The time of flight can be determined using the vertical motion equation for the projectile motion:

`\[ h = v_0 \cdot t \cdot \sin(\theta) - (1)/(2) \cdot g \cdot t^2 \]`

where:

-
`\( h \)` is the initial height (1.5 meters),

-
`\( g \)` is the acceleration due to gravity (approximately 9.8 m/s²).

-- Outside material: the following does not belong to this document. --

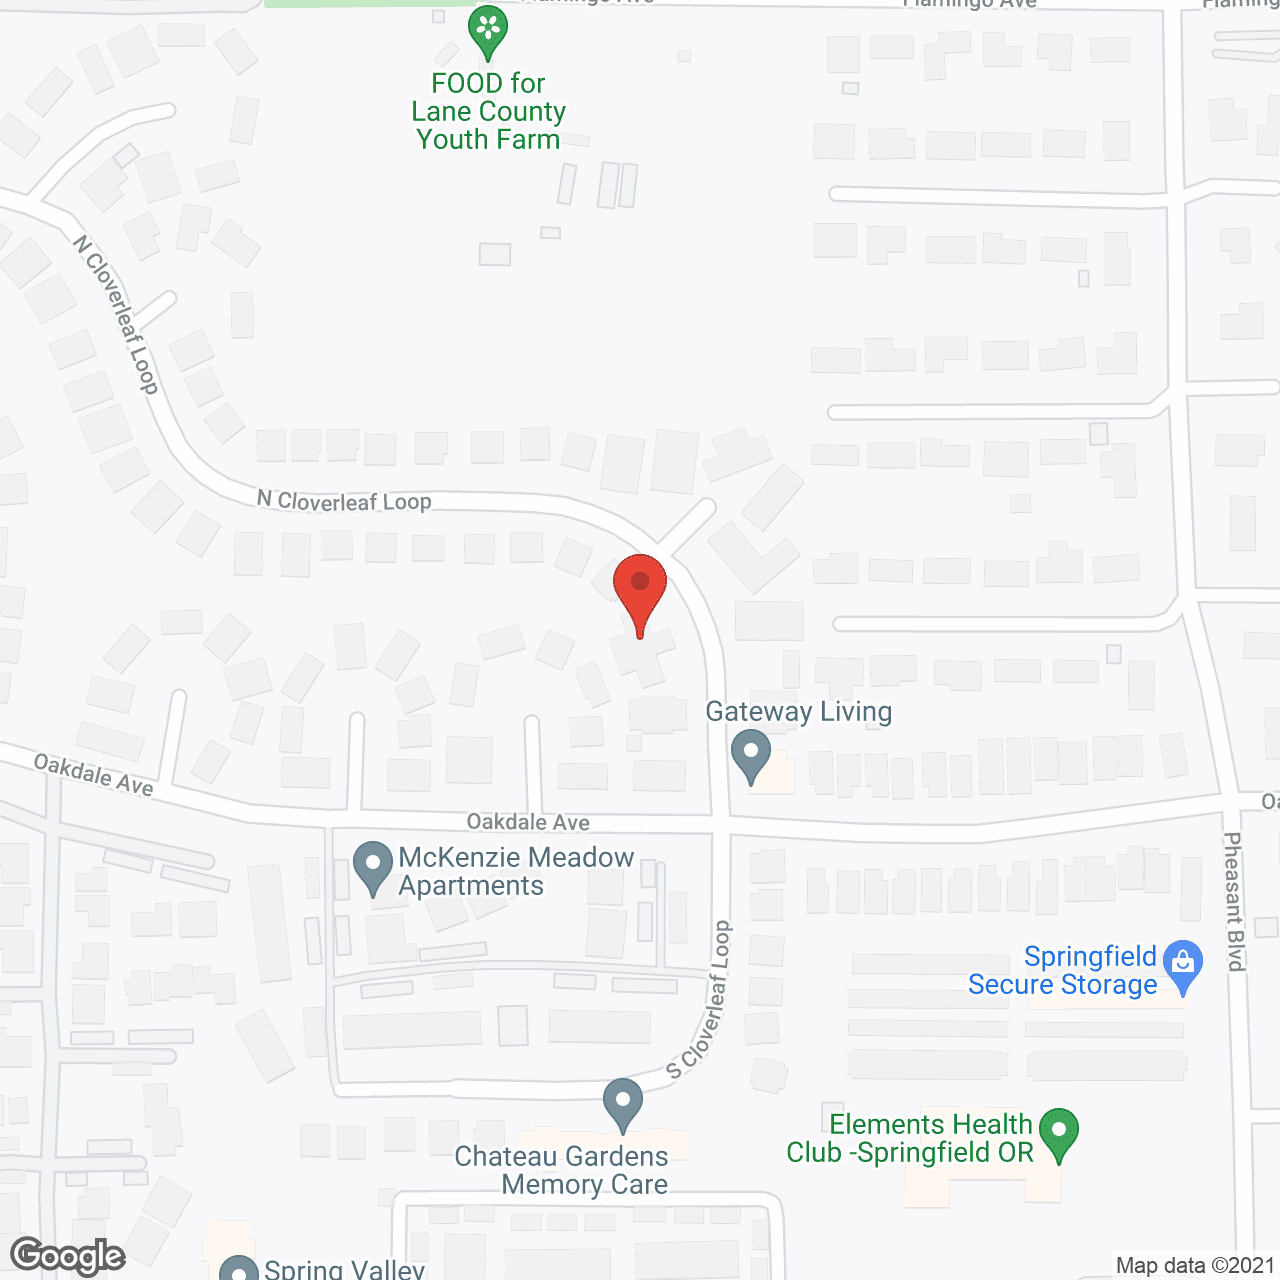 Gateway Living Center in google map

First, let's find the time of flight
`(\( t \))` using the second equation. Rearrange it to solve for
`\( t \)`:

`\[ t^2 - (2 \cdot v_0 \cdot t \cdot \sin(\theta))/(g) - (2 \cdot h)/(g) = 0 \]`

Now, you can use the quadratic formula to solve for
`\( t \)`:

`\[ t = (-b \pm √(b^2 - 4ac))/(2a) \]`

where:

-
`\( a = 1 \)`,

-
`\( b = -(2 \cdot v_0 \cdot \sin(\theta))/(g) \),`

-
`\( c = -(2 \cdot h)/(g) \).`

Substitute these values into the formula and choose the positive root since time cannot be negative:

`\[ t = (v_0 \cdot \sin(\theta) + √(v_0^2 \cdot \sin^2(\theta) + 2 \cdot g \cdot h))/(g) \]`

Given:

-
`\(v_0 = 100 \, \text{m/s}\)`,

-
`\(\theta = 10^\circ\)`,

-
`\(g = 9.8 \, \text{m/s}^2\)`,

-
`\(h = 1.5 \, \text{meters}\)`.

`\[ t = (100 \cdot \sin(10^\circ) + √(100^2 \cdot \sin^2(10^\circ) + 2 \cdot 9.8 \cdot 1.5))/(9.8) \]`

Now, calculate
`\(t\)`.

`\[ t \approx (100 \cdot 0.17364817766693033 + √(100^2 \cdot 0.030153689607045824 + 29.4))/(9.8) \]`

`\[ t \approx (17.364817766693033 + √(300.30607900183815 + 29.4))/(9.8) \]`

`\[ t \approx (17.364817766693033 + √(329.70607900183815))/(9.8) \]`

`\[ t \approx (17.364817766693033 + 18.151486516586436)/(9.8) \]`

`\[ t \approx (35.51630428327947)/(9.8) \]`

`\[ t \approx 3.6258 \, \text{seconds} \]`

Now that we have the time of flight, let's calculate the horizontal distance
`(\(d_x\))`:

`\[ d_x = v_0 \cdot t \cdot \cos(\theta) \]`

`\[ d_x = 100 \, \text{m/s} \cdot 3.6258 \, \text{seconds} \cdot \cos(10^\circ) \]`

Calculate
`\(d_x\)`:

`\[ d_x \approx 100 \cdot 3.6258 \cdot \cos(10^\circ) \]`

`\[ d_x \approx 100 \cdot 3.6258 \cdot 0.984807753012208 \]`

`\[ d_x \approx 355.25 \, \text{meters} \]`

Therefore, the arrow traveled approximately 355.25 meters horizontally before hitting the ground.